DESCRIPTION OF THE TASK | Strip the pictures and reproduce the rest of the listing exactly.

DATASET EXTRACT |

[Start of section]

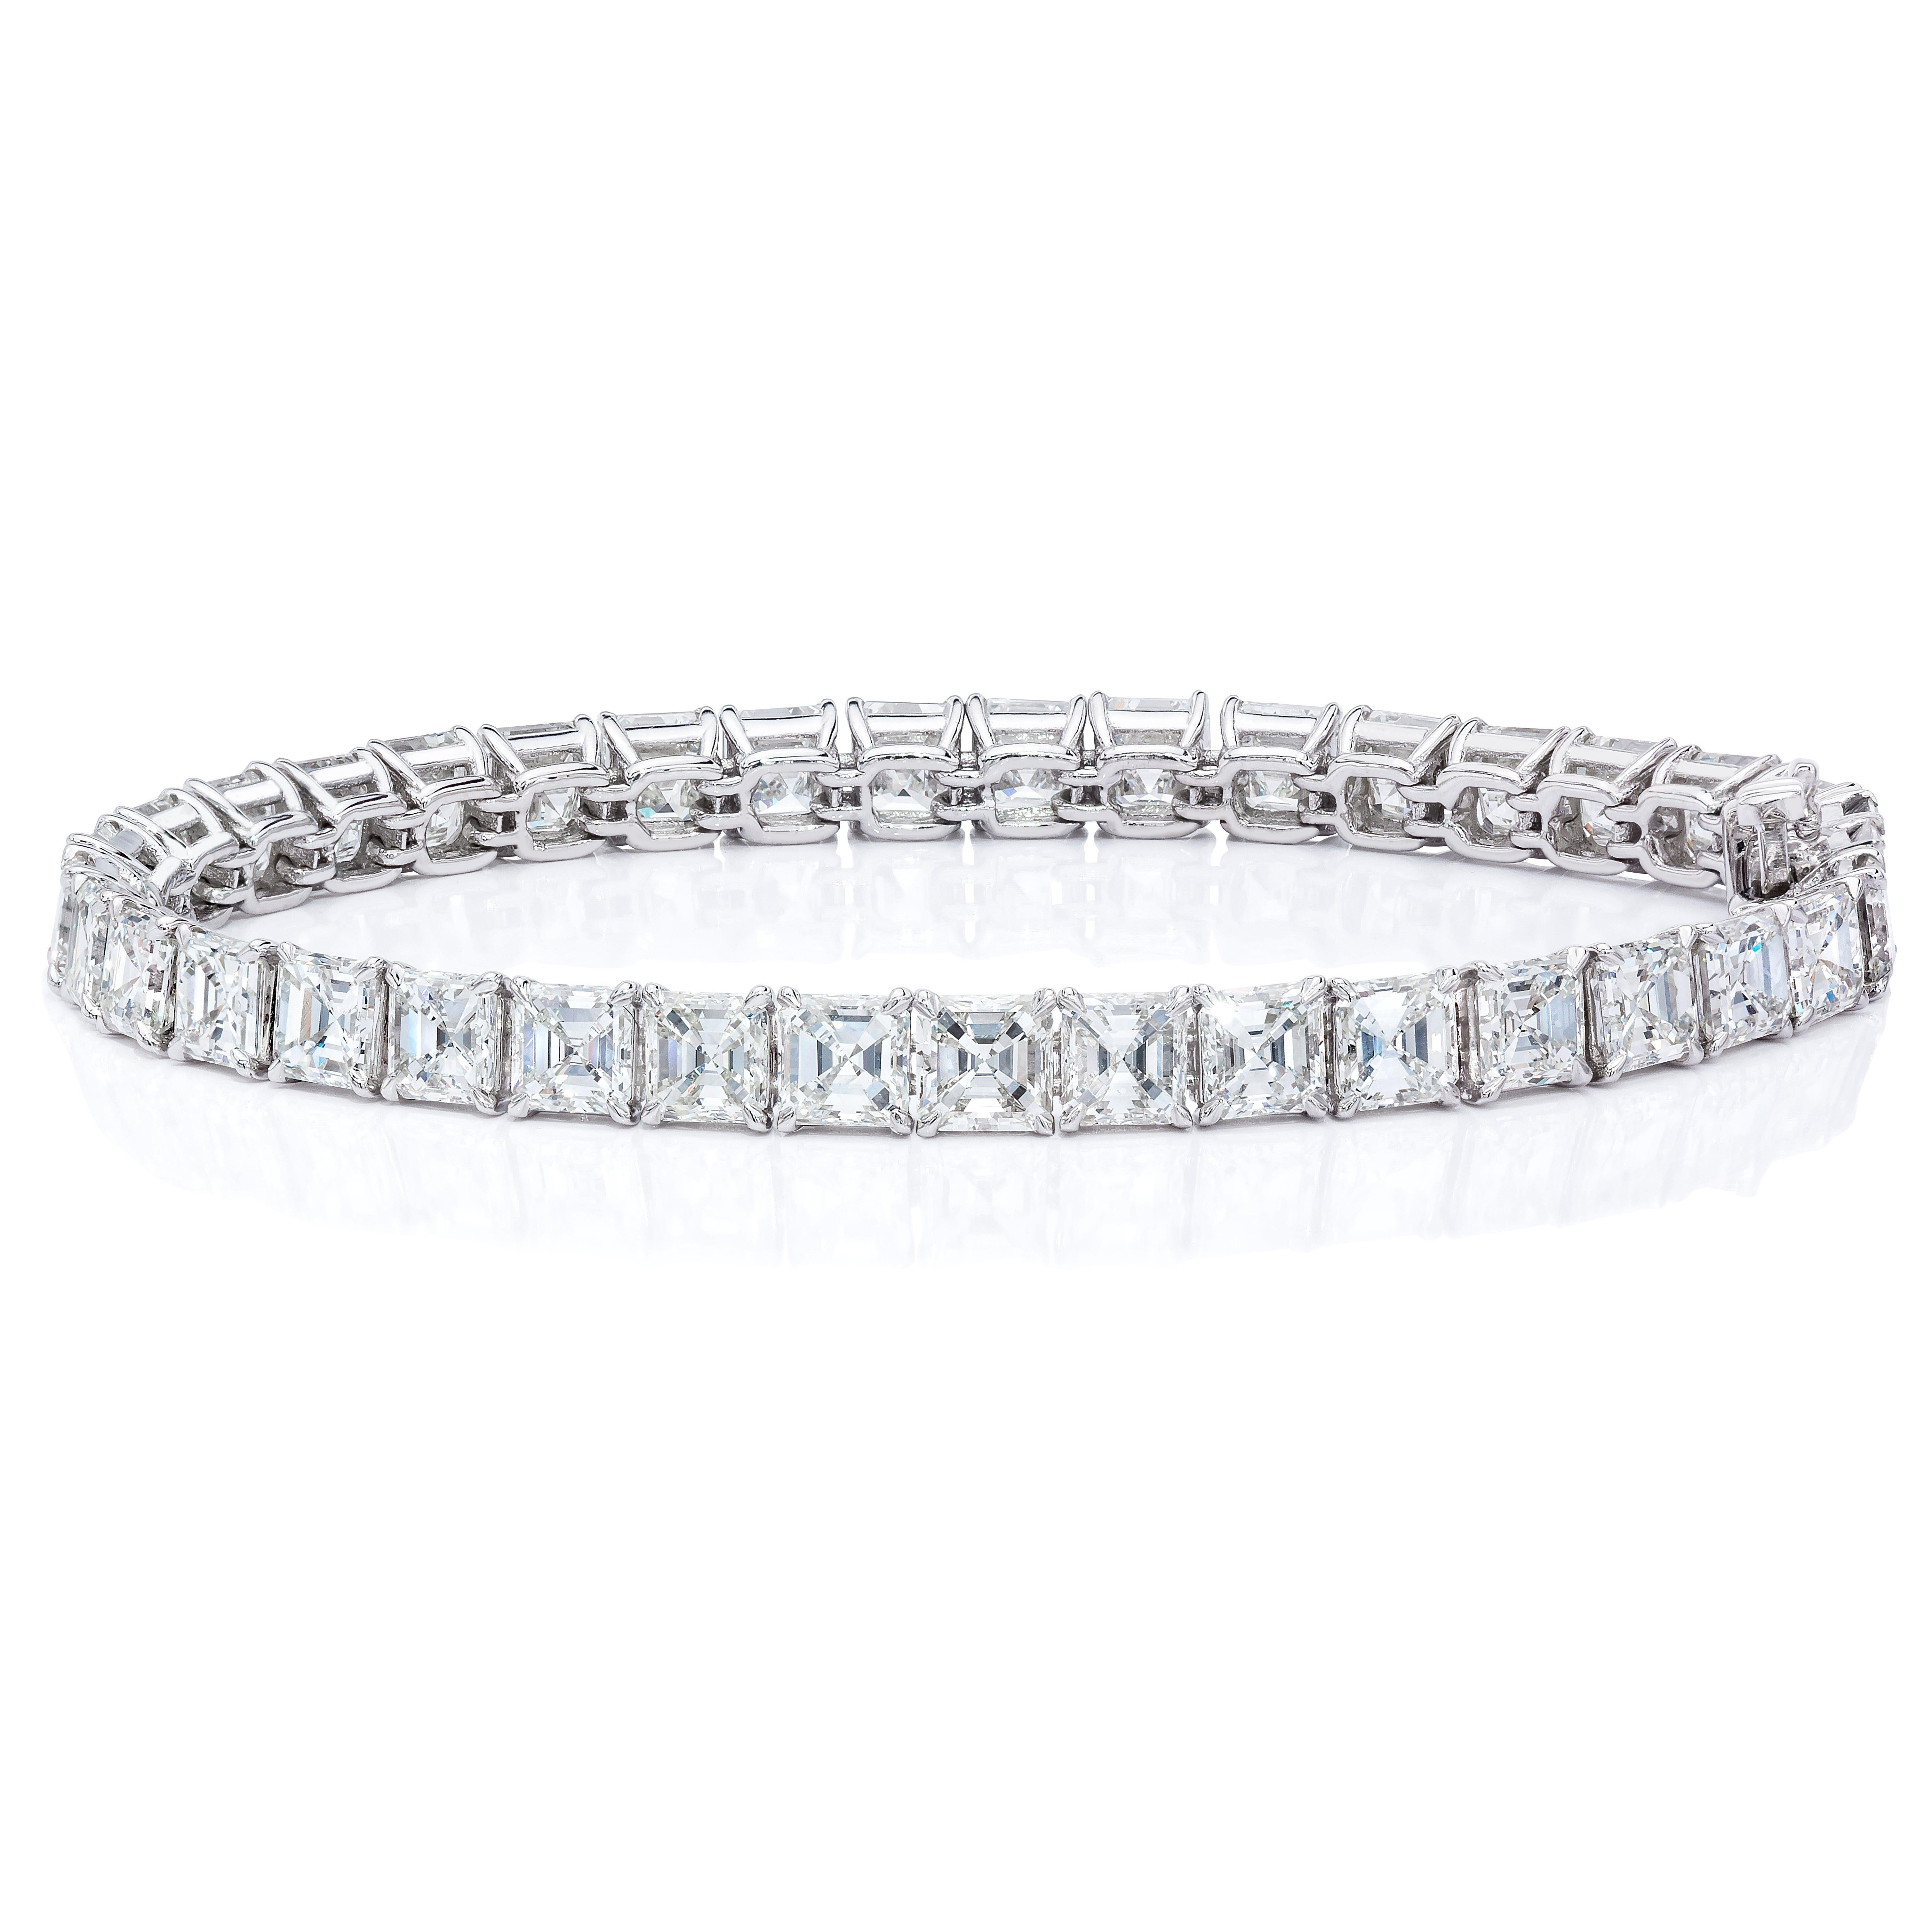 This beautiful bracelet features 37 perfectly matched Asscher Cuts in a single line Tennis Bracelet setting totaling 16.22 Carats.
Each Stone weights approximately 43points each.
Set in 18 Karat White Gold.
Measures 6.75 inches.

[End of section]

WRITTEN ANSWER |
 This beautiful bracelet features 37 perfectly matched Asscher Cuts in a single line Tennis Bracelet setting totaling 16.22 Carats.
Each Stone weights approximately 43points each.
Set in 18 Karat White Gold.
Measures 6.75 inches.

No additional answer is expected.